As children reach the fifth grade, their minds start to think more analytically. The second stage of the trivium is called the "logic stage", where a child is less interested in finding out the facts and more interested in asking "Why?" During the logic stage of the process, students will begin to apply logic to all of the academic subjects. The logic of history, for example, requires students to focus on why the First World War was fought, rather than simply reading the story. Also, children will learn to support a thesis in the logic of writing, as well as paragraph construction. Simply absorbing information at this stage in the process will not be accepted, but students will be challenged to apply logic to every subject.

The third and final stage of the classical education, the "rhetoric stage" is where the student learns to express conclusions, as well as write with originality. A student of rhetoric applies the rules of logic learned from the second stage of the process and combines it with the information from grammar school to express his conclusions in a clear, forceful, elegant language.

Classical education is a return to a tradition with a long history.
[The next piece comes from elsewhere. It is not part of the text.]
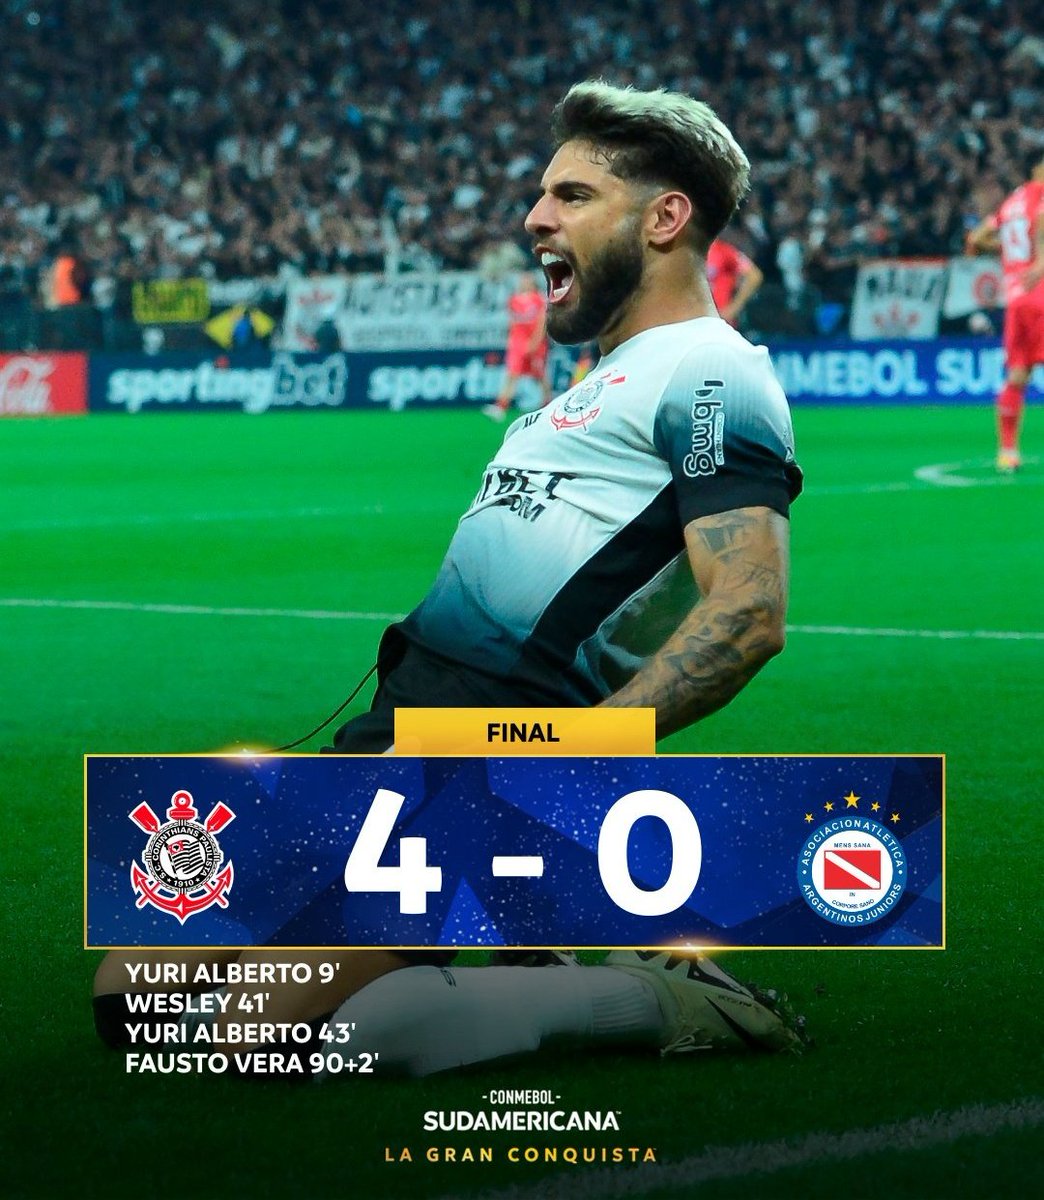 #AAAJ:
Porque Argentinos Juniors perdió ante Corinthians y quedó eliminado de la #CopaSudamericana

The earliest Christians drew from the Greco-Roman model, emphasizing language, logic, science, and adjusting it to the demands of Biblical theology. Modern culture has seen basic educational discipline lost in a sea of individual discovery, situational ethics, and floating moral standards. Classical education today seeks to return to time tested methods of teaching time honored subjects in an attempt to rediscover and pass on the lost tools of learning.